Host: timepilot (127.0.1.1)
Port: 7779
Checkpoint Interval: disabled (checkpoint manually instead)
Exit on last client: 1
Backgrounding...
[40000] NOTE at fileconnection.cpp:716 in refill; REASON='Can't re-create previously open file. Will not open it.'
_path = /usr/lib/jvm/java-7-openjdk-amd64/jre/lib/rt.jar
[40000] ERROR at connection.cpp:93 in restoreOptions; REASON='JASSERT(fcntl(_fds[0], F_SETFL, (int)_fcntlFlags) == 0) failed'
_fds[0] = 3
_fcntlFlags = 32768
(strerror((*__errno_location ()))) = Bad file descriptor
java (40000): Terminating...

(It's because _fds[0] refers to a file that no longer exists.)

HERE'S A LONG-WINDED EXPLANATION:

RESTARTING JAVA ON A NEW HOST:
There are multiple releases of Java. When migrating a Java application
from a source machine to a destination machine, there is no guarantee
that the destination machine will have the same version.
This is a problem, because Java (e.g., openjdk) memory maps its jar files
into memory as MAP_SHARED (and as read-only), and fails to close the
corresponding file descriptors used in mmap.
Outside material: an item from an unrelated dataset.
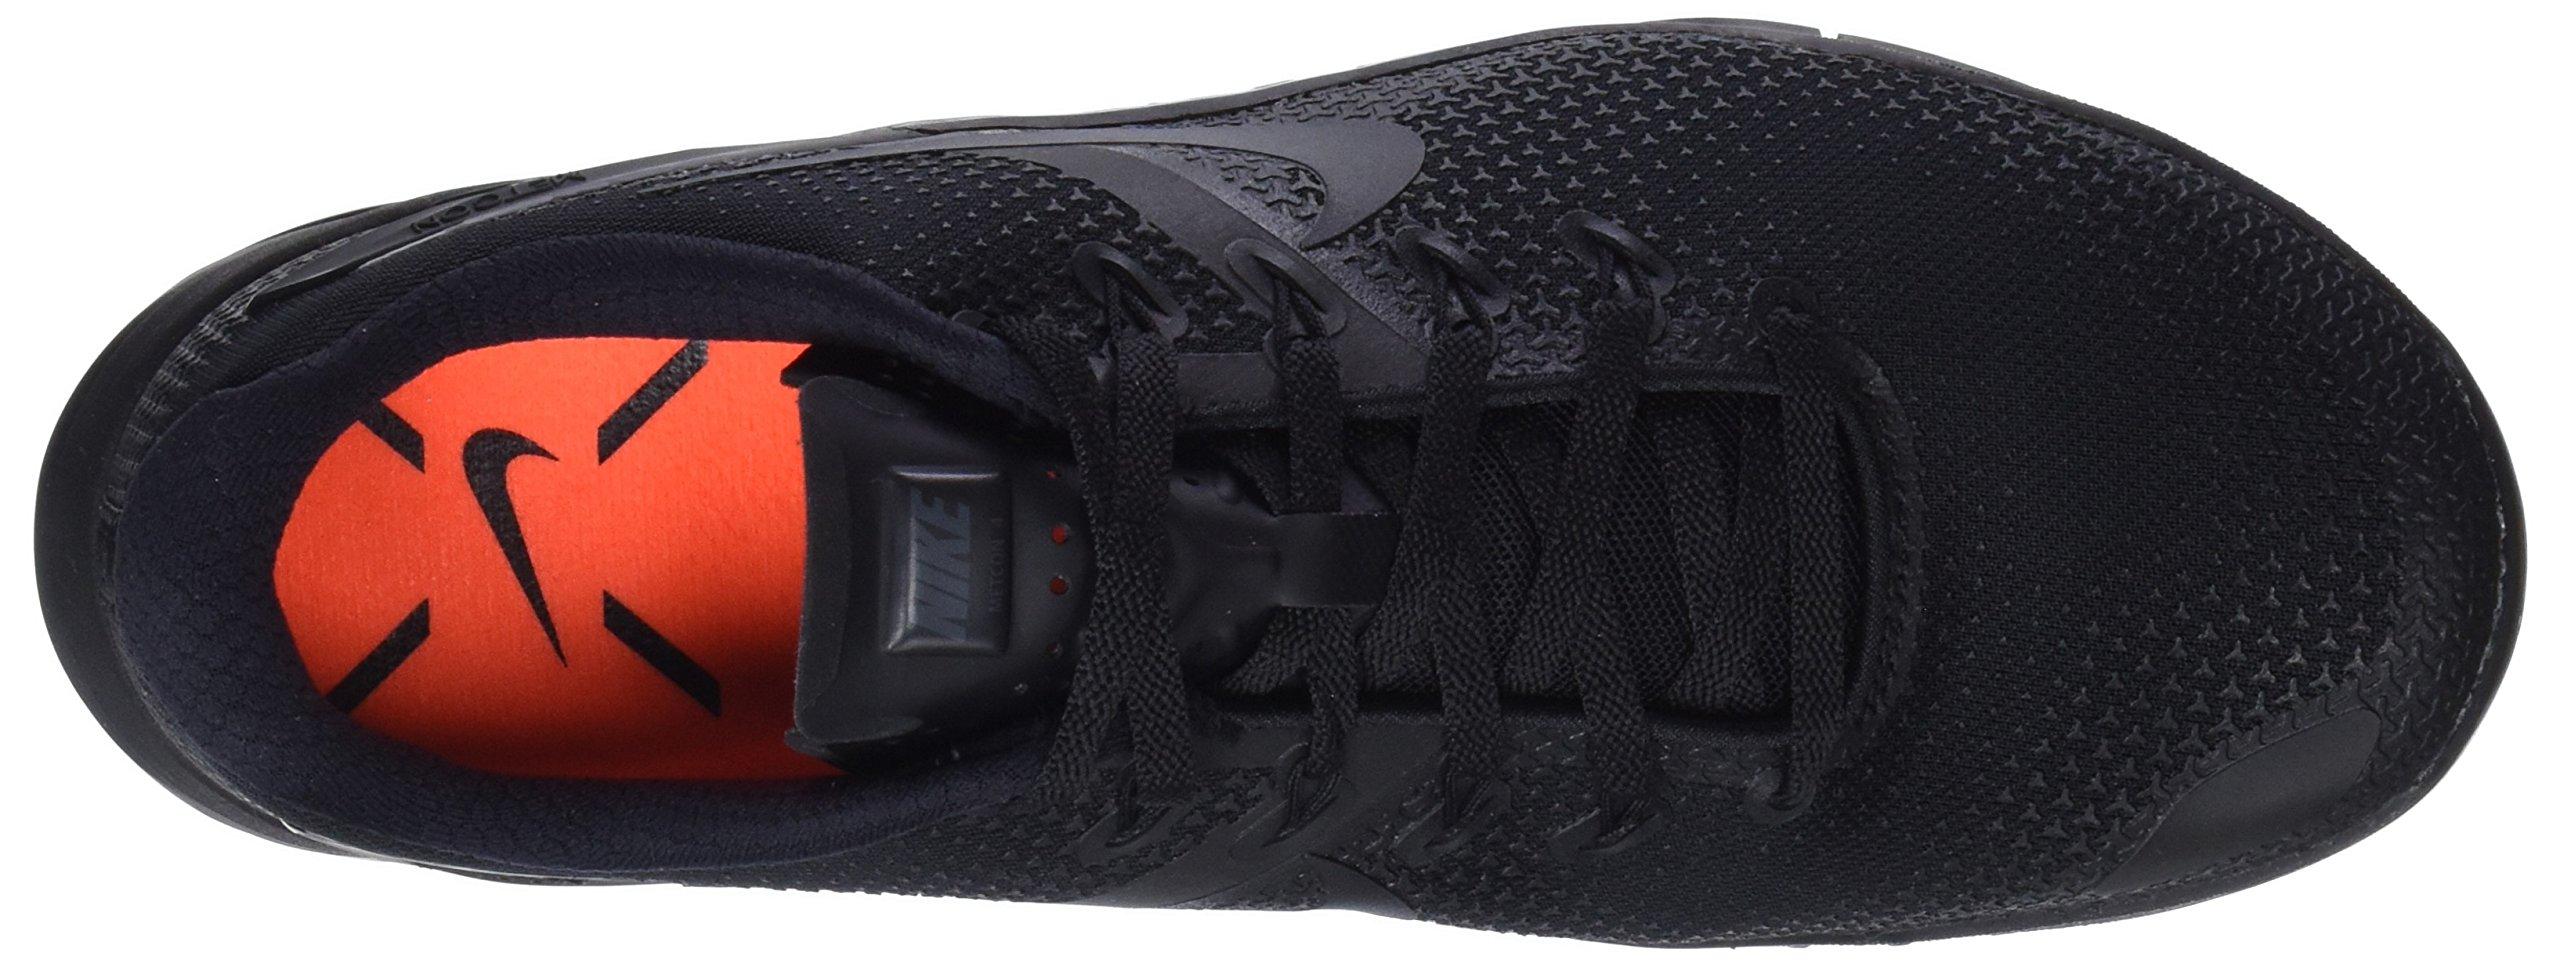 Nike Men's Metcon 4 Training Shoe Black/Black-Black-Hyper Crimson 7.5 by Nike (Image #7)

Note that POSIX says that
the mmap will add an extra reference to the file, and so the program
may call 'close(fd)'. But the openjdk jvm does not do so.
When we restart on a new host, the filenames may have changed (see above).
Nevertheless, the original memory area is saved in the checkpoint image,
and can still be used on restart.
This raises three issues:

  1. The default policy of MTCP is to re-create any shared maps on restart
    and map them as shared. But the application usually does not have
    privilege to open the jar files in a new directory on the destination
    maching corresponding to the old directory on the source machine.
    Furthermore, this would open up other problems.
    So, the solution is to re-map the jar files in memory as
    MAP_PRIVATE | MAP_ANONYMOUS. The memory area was mapped as
    read-only in proc/*/maps, and so this seems safe. In the case
    that the memory area mapped had been mapped as read-write, we will
    notify the user with MTCP_PRINTF that we are changing the mapping
    to MAP_PRIVATE, read-only. This should force an immediate error
    if the application tries to write to the shared file in order to
    communicate with another process.
  2. The jvm had mapped the jar files as MAP_SHARED and then not closed
    the fd used to map them. So, the fd is still open to files
    in the old directory back on the source machine.
    Does MTCP or DMTCP re-open the file descriptors? Anyway,
    the solution is to find out where that happens and to skip that
    step if the file no longer exists. So, the application will appear
    to find that the file descriptor was closed.
  3. If the original java had been checkpointed using --with-open-files,
    then fileconnection::refill() will be called on an obect
    with '_checkpointed == true' and with '_fileAlreadyExists == true'.
    If it was previously checkpointed (saved using --with-open-files),
    then the user intends to replace the old file with the new one.
    So, the solution is to detect that _path no longer points to
    an existing file, and that we do not have permission to recreate
    the file, and so to return immediately from fileconnection::refill(),
    since MTCP will have already done the right thing.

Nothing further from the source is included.